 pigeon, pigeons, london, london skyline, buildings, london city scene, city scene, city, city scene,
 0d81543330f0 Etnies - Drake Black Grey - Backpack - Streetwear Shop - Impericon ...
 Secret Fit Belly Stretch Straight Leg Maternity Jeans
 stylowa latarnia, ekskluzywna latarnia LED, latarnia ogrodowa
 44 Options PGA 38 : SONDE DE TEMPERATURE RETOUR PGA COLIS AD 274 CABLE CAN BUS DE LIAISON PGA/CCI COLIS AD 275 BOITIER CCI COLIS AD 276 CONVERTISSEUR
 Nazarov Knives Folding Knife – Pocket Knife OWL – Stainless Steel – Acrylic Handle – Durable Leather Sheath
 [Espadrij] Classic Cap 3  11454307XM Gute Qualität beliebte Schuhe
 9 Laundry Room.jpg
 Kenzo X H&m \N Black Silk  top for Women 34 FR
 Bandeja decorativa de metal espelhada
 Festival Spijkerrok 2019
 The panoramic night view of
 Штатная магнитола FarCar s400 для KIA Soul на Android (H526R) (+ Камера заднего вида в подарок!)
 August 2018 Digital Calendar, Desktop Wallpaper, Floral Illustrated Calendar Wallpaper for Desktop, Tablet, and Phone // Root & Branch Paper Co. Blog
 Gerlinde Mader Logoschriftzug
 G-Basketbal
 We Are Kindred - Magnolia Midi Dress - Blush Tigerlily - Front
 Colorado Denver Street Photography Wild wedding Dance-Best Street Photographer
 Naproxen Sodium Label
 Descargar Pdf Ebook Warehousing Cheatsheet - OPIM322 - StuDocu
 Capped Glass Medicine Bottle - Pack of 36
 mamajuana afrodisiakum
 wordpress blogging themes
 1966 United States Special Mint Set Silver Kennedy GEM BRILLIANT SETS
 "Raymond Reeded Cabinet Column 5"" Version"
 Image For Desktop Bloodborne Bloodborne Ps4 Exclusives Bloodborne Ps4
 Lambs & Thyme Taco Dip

*Activity:* Your answer should be the lines above from the one containing "0d81543330f0 Etnies - Drake" through the one containing "stylowa latarnia, ekskluzywna", copied exactly and with both ends kept.

*Expected answer:*
 0d81543330f0 Etnies - Drake Black Grey - Backpack - Streetwear Shop - Impericon ...
 Secret Fit Belly Stretch Straight Leg Maternity Jeans
 stylowa latarnia, ekskluzywna latarnia LED, latarnia ogrodowa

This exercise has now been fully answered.